Uncertainty as 300 private colleges close indefinitely

Uncertainty as 300 private colleges close indefinitely

Over 90,000 students enrolled in private colleges around the country before the Covid-19 pandemic struck the country have been left stranded after their institutions closed indefinitely.

A report by Citizen TV on Sunday, August 16, indicated that over 300 private colleges shut down following financial challenges occassioned by the pandemic. 

Most of the institutions were forced to shut down after the business environment became unbearable with landlords expecting full payment of monthly rent despite the colleges’ revenue streams running dry.

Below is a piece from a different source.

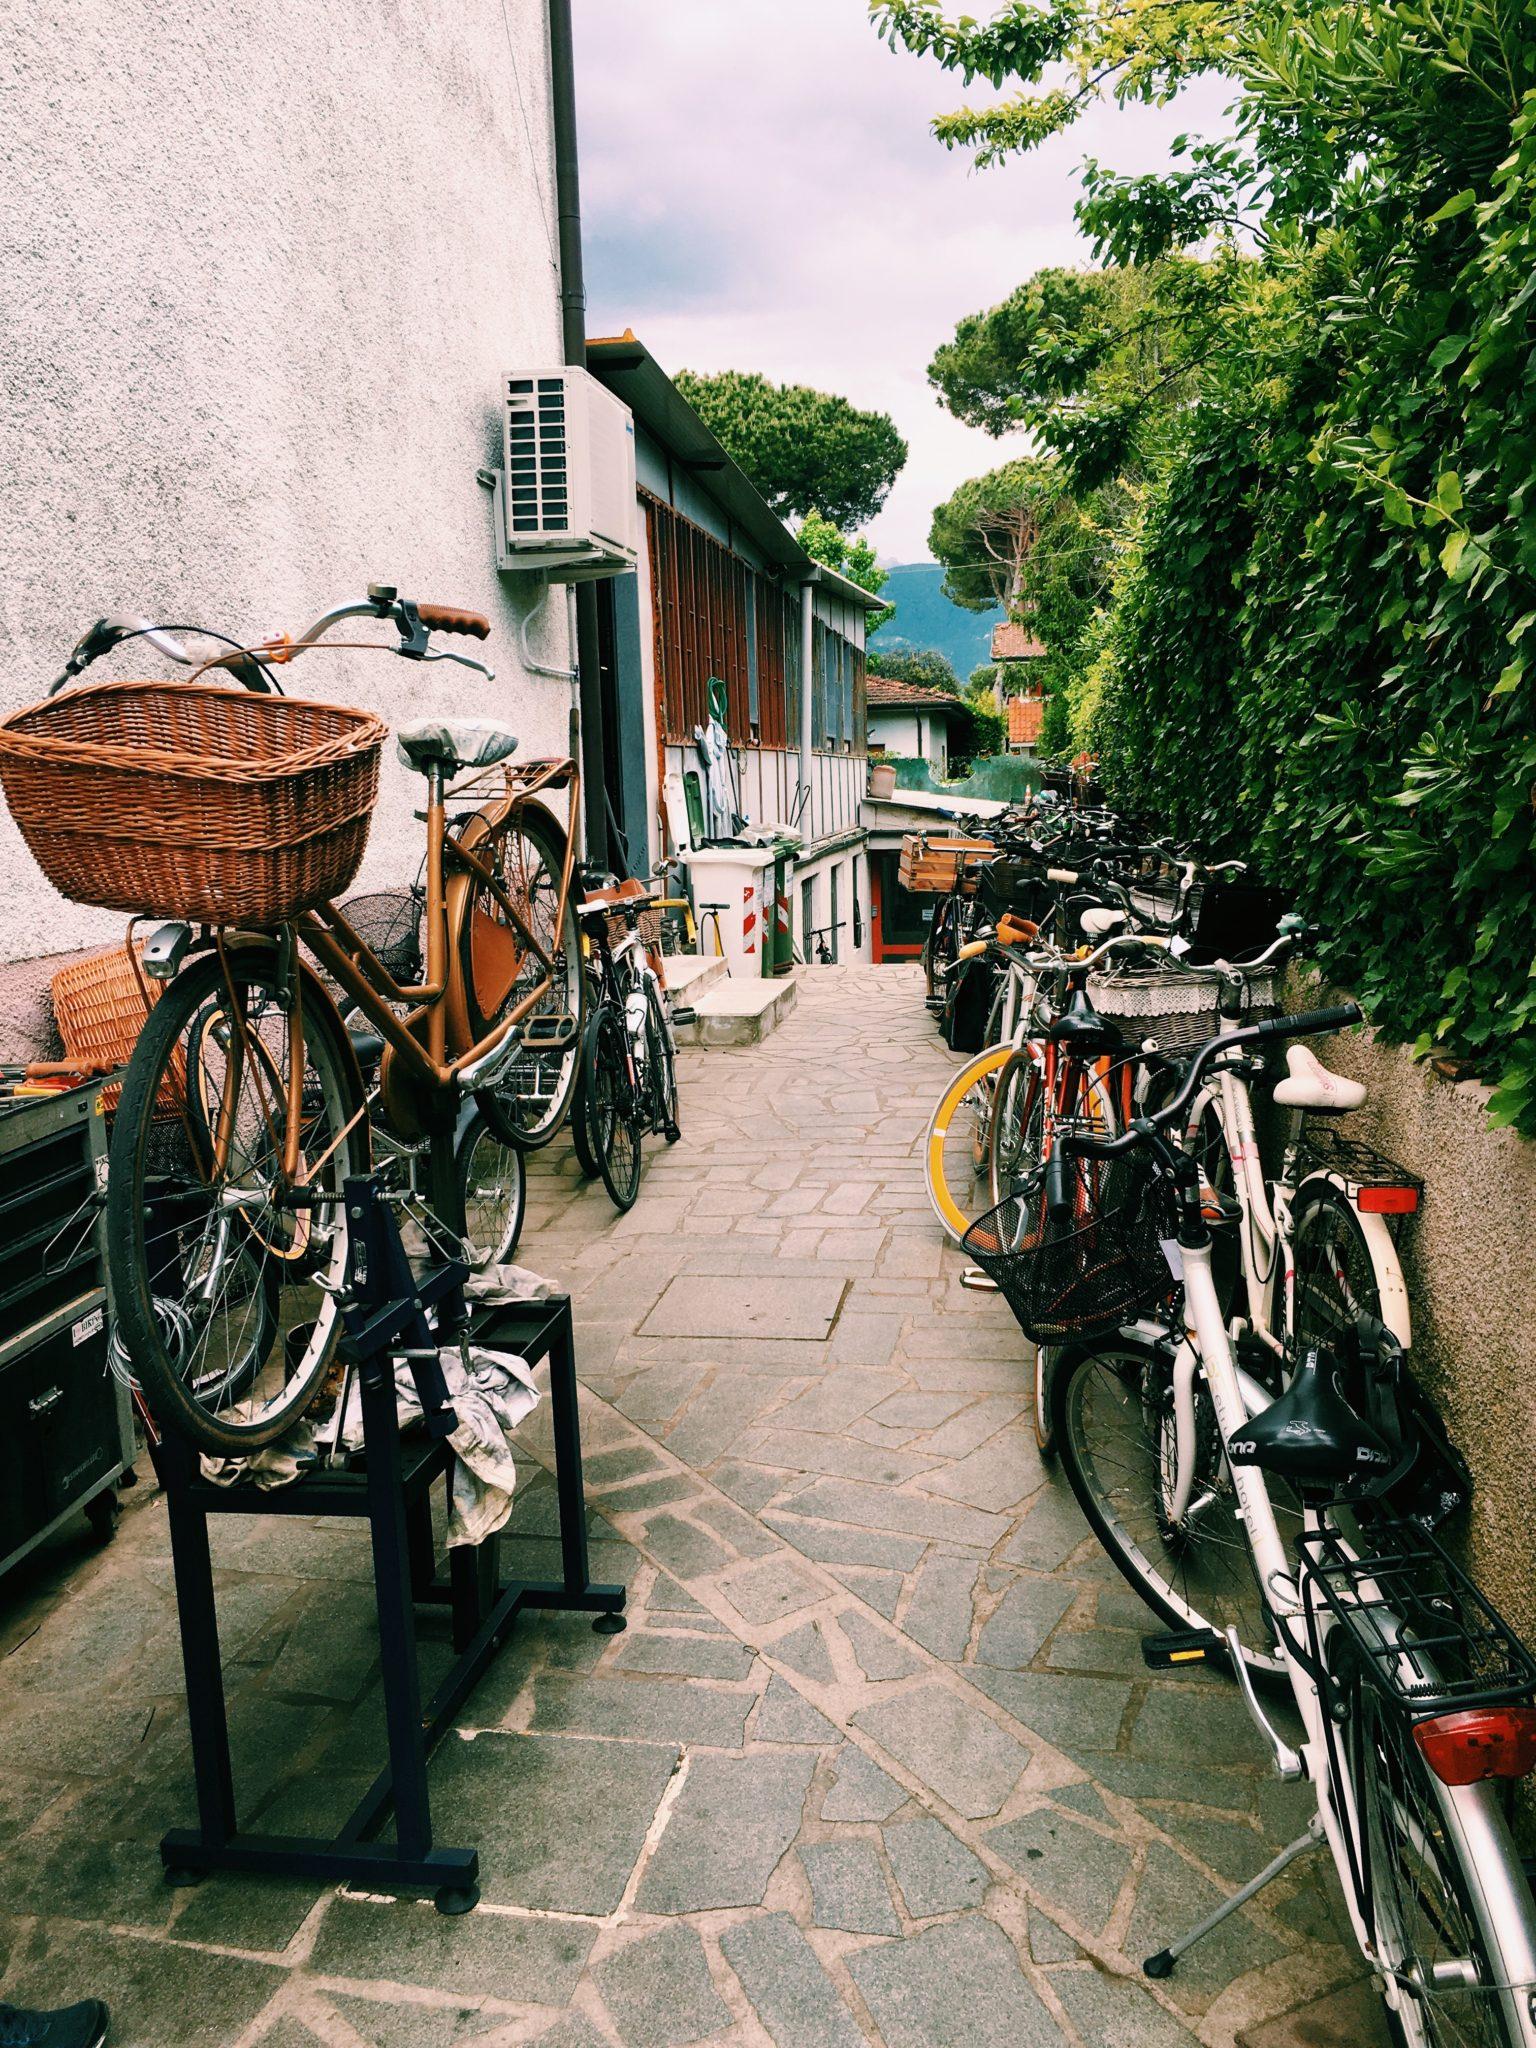 Lidi, borghi anni '60, crepes, la discoteca più antica del mondo e altri luoghi da scoprire di Forte dei Marmi, in bicicletta e non solo

On August 3, the Kenya National Association of Private Colleges (KNAPC) wrote to the Ministry of Education asking for a bail out plan noting that the institutions had admitted over 260,000 students.

“It is unfortunate that the previous day we needed data for the Presidential Delivery Unit, only 410 institutions responded.

“So we have 300 institutions that ave folded up because they cannot be able to meet costs,” stated Ekra.

She further explained that it was hard to implement virtual learning for the institutions as most of the courses offered required hands-on engagement. 

“When we look at the medical students, these are people who are missing a lifetime chance to work during a pandemic.

“We have institutions like the private TVETs that are teaching tailoring. This students need to do practical work. How do you do this during a pandemic?” she wondered.

In their appeal, colleges pleaded with the government to allow them to commence with phased reopening from September rather than January 2021.

The association also urged the state to offer affordable e-learning as well as Kenya National Examinations Council (KNEC) andKenya Accountants and Secretaries National Examinations Board (KASNEB) exams.

This came roughly two weeks after the Kenya Private Schools Association (KPSA) announced an imminent closure of 124 private schools asking learners to look for alternatives.

KPSA Chairman Peter Ndoro warned that the situation could get worse and the effects could trickle down to public schools.